The pressure from non-technical management to force-require degrees will fade as those managers begin to understand how the world is changing, and all of a sudden, the documented proof on social networks of our skills almost becomes a secondary résumé.

 

I completely agree about being eager to learn. I have a degree and over 10 years experience as a developer but I am still learning new things every day.

 

It's crazy really. It's not even just learning new concepts - it's having new problems to solve with the concepts you already know and putting those things together. New challenges every single day.

 

As someone with a non-traditional programming education, I'm often surprised that so many of my peers also lack a CS degree. I'm in Europe, so maybe the trend is somewhat skewed, but I'd estimate that no more than 50% of web developers here have an engineering background. More often than I ever would have thought, when I come with "I went to a programming bootcamp," I hear something like "I was retrained from sales" or "I learned on my own".

 

This is a great insight now. This is just the way the world works now. Particularly when someone hates their day job and is able to learn a tech skill and feel like they have the ability to build something, people are more hungry and motivated than ever to do what it takes to get an opportunity with a tech company.

It would be very ignorant to ignore these types of people simply because of the romantic viewpoint on what a "degree" means. It's an early 2000s opinion being forced into a 2019 world where it's just not the case anymore.

Thanks so much for your input!

 

I think it depends a lot on the country you live in and in the kind of company you want to get in, there's just so many companies around the world which will drop you at the CV screening process just because you don't have the Computer Science degree (I mean, many even mention it as a minimum requirement for applying)

 

I always ignore the requirement for a CS degree. It seems like most companies put that on there by default. I'm in Amsterdam, but 19/20 roles I applied for recently got back to me with further steps in the interview process. That's pretty good, considering I don't have a CS degree and most of them "required" one.

 

I think that's the main point - even though the job may say it requires a degree, relevant experience is just as good, and if you can get your foot in the door and show this (like many people already have) - you are now on the same playing field as other people who are "more qualified than you".

 
 

To offer an additional perspective, I have a degree in CS and I'm still struggling to find a job. So I guess it doesn't really matter

 

Appreciate this a lot. It's a struggle regardless and learning in a way that suits you will make it only a bit easier.

We would love to help - what phase are you struggling with and why (applying, interview, code tests etc)?

 

I've been working in web development for a couple of years now and I'd say I have enough experience/skill behind my belt to be fine in most mid-level roles. I started out as an analytical chemist out of school as an apprentice and after 3 years I moved in to a general IT apprentice role, then self-taught myself development to a stage where I could keep up with university graduates and from there on I haven't looked back.

I think a lot of it revolves around having the right mindset and motivation to know where to look when you're stuck, and also having projects/work to apply your skills to.
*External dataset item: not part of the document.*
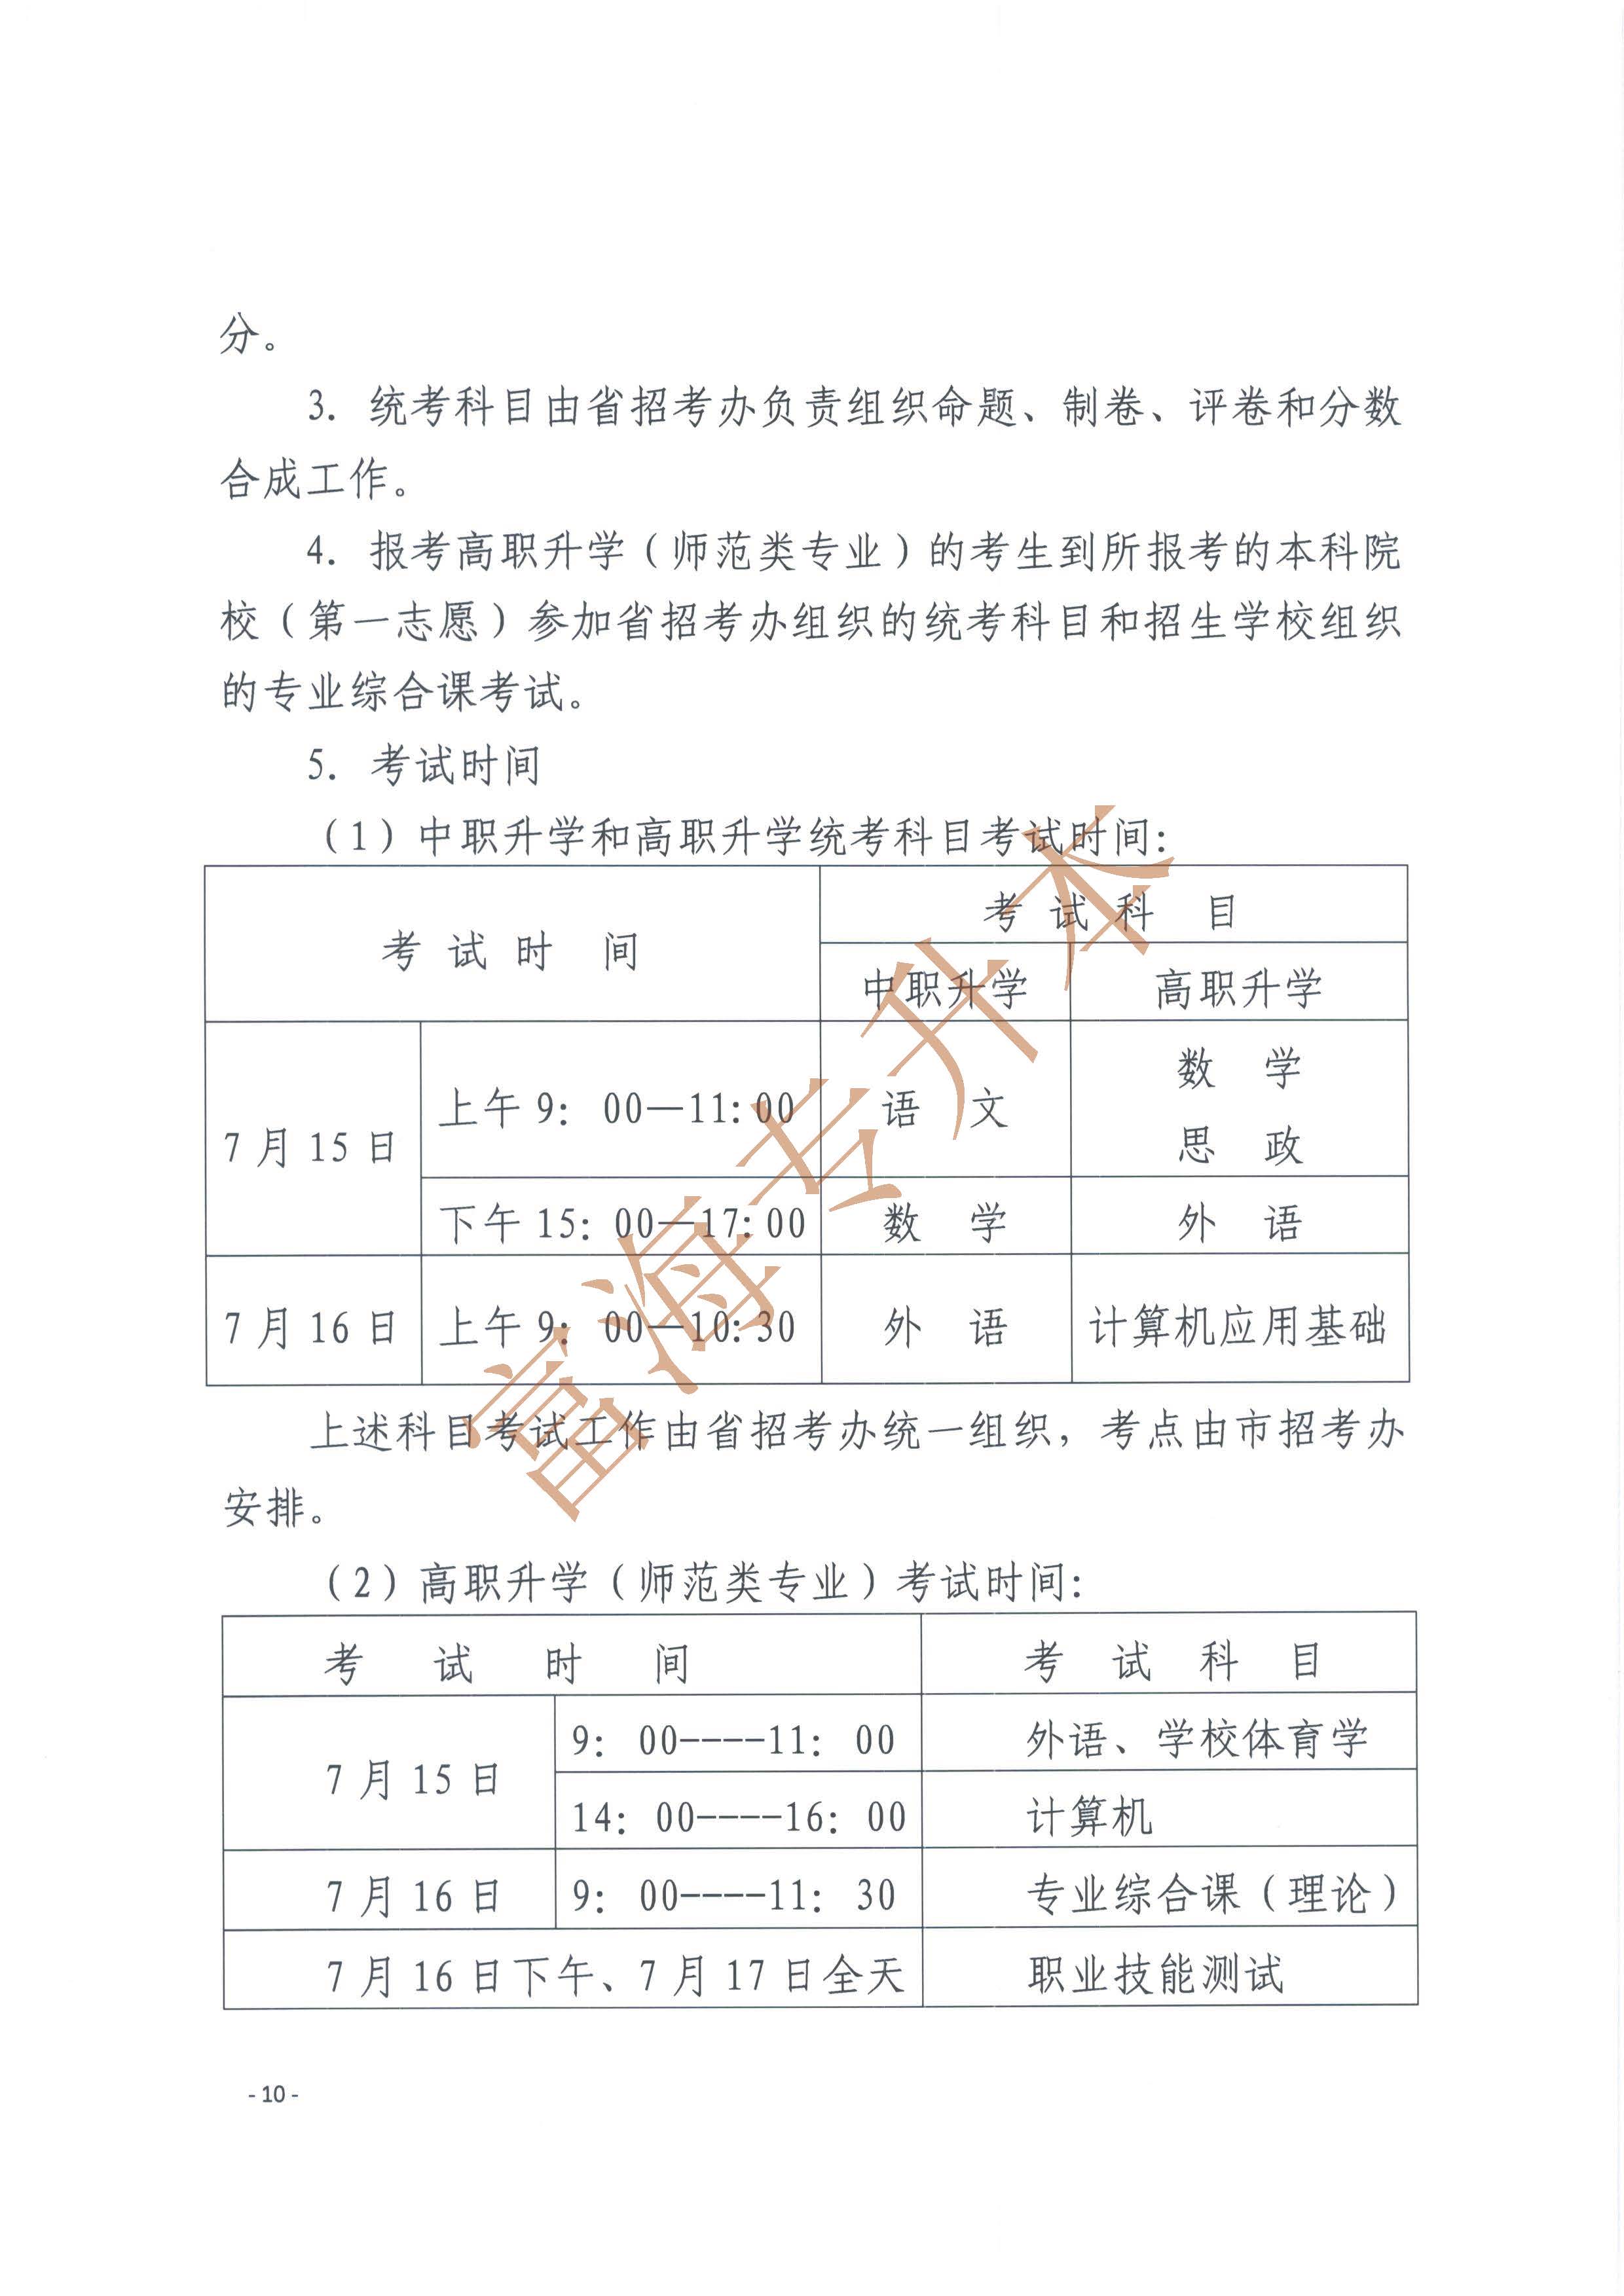 辽宁省2017年职业教育对口升学考试招生工作实施办法的通知10
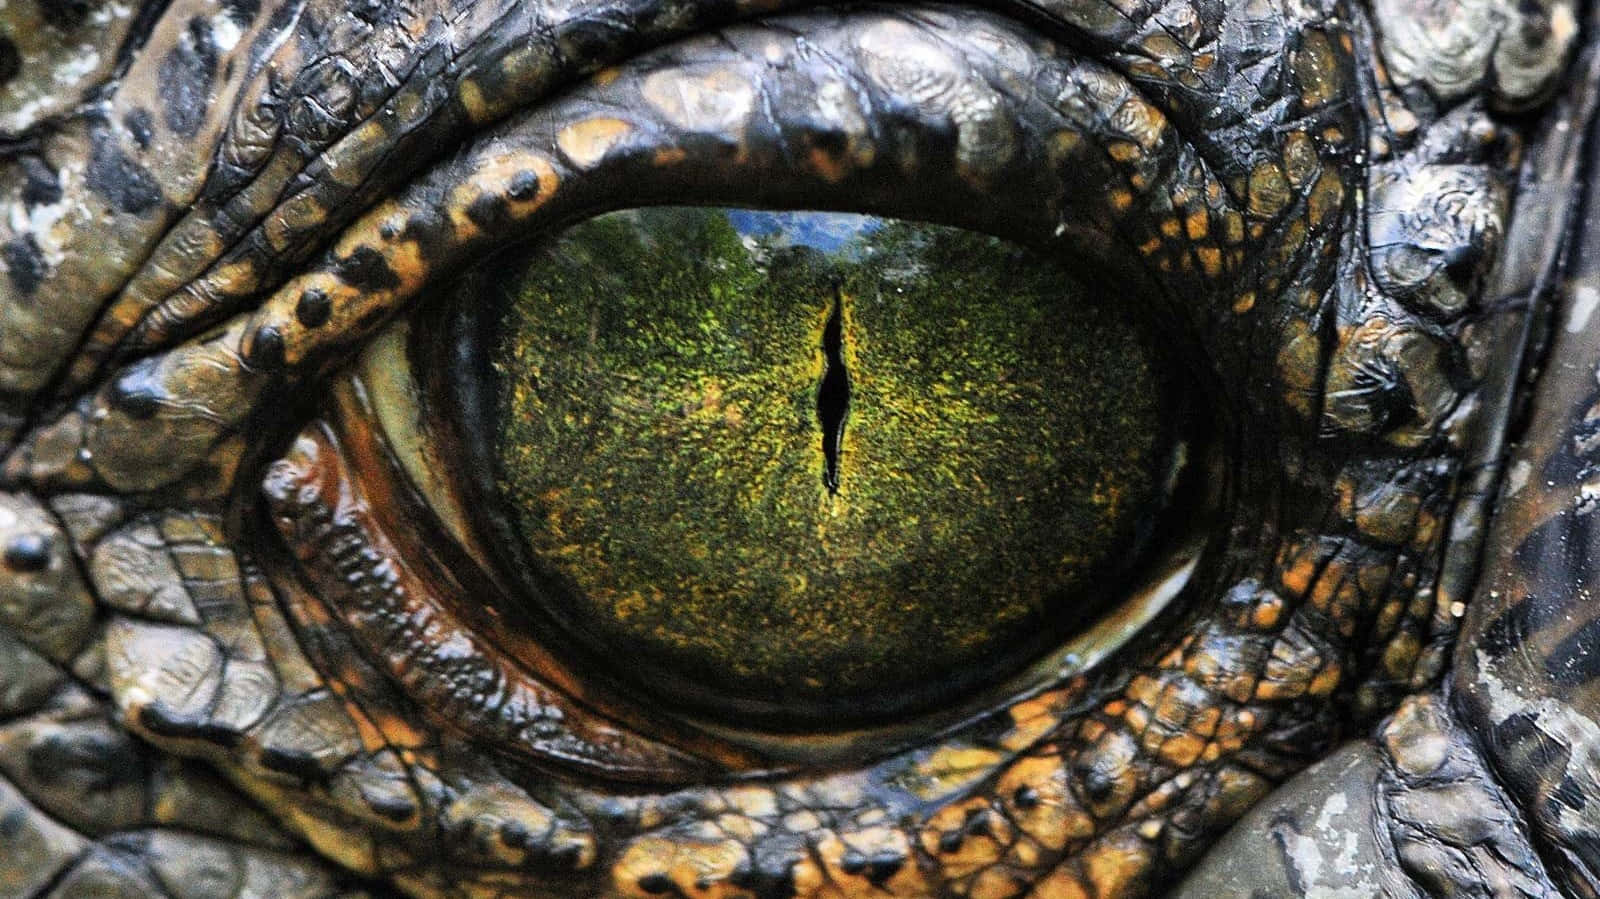 Etnærbillede Af En Alligator's Øje.

Whilst part of me wishes I'd gone to university instead of being a chemist for three years, another part is relieved I don't have any debt from student loans etc.

Companies looking specifically for graduates will often consider you as a junior developer if you can show some existing knowledge and drive. They tend to search for grads because they've already proved they can learn and apply knowledge over several years studying but this doesn't mean you're automatically ruled out if you don't have a degree. It just means you need to work a bit harder to show you can keep up!

 

You make a very good point regarding apprenticeships or internships - you will develop the skills you need far quicker in these types of settings than you ever would in university or even being self taught, because you're working on real world problems. It's such an incredibly good option if you have that opportunity.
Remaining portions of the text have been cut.